We encourage users to explore the coordinate transforms of models to learn more about how they operate:
from earth2studio.models.px import FCN
model = FCN(None, None, None)
input_coords = model.input_coords()
output_coords = model.output_coords(input_coords)
print("Input lead:", input_coords['lead_time'])
print("Output lead:", output_coords['lead_time'])
output_coords = model.output_coords(output_coords)
print("Output lead 2:", output_coords['lead_time'])
The output of the following script will be:
Input lead: [0]
Output lead: [6]
Output lead 2: [12]
Note
The batch dimension was not discussed intentially. Think about it like a free dimension. More information can be found in the Batch Dimension section.
Inference on the GPU#
It is beneficial to leverage the GPU for as many processes as possible. Earth2Studio aims to get data from the data source and immediately convert it into the tensor, coord data struction on the device. From there, the data is kept on the GPU until the very last moment when writes are needed to in-memory or to file.

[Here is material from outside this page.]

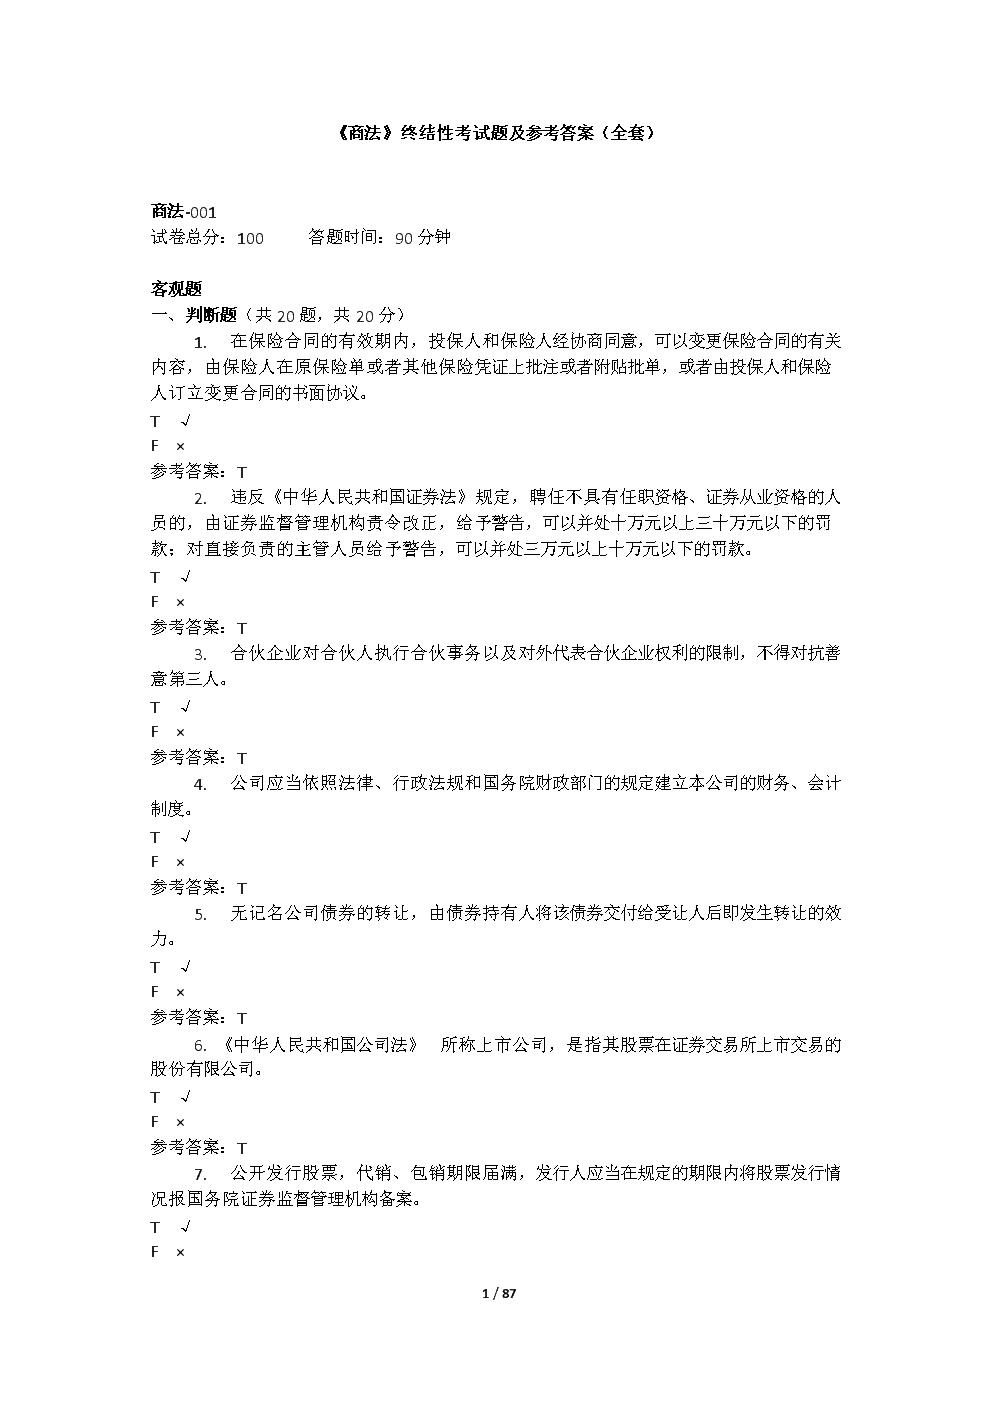 《商法》终结性考试题及答案(全套).docx

In the figure above, that the data is first pulled from the data source as an Xarray data array which is then then converted to a tensor. The data remain on the device, denoted by the GPU boundary, until it needs to be written by the IO component.
Data Sources and Xarray
This may raise the question: Why do datasources not output directly to tensor and coordinate dictionaries? This is an opinionated decision due to the fact that these data sources need to store data on the CPU regardless and can be extremely useful outside of the context of this package. Thus they return Xarray data arrays which are is nothing more than a fancy data array with a coordinate system attached to it!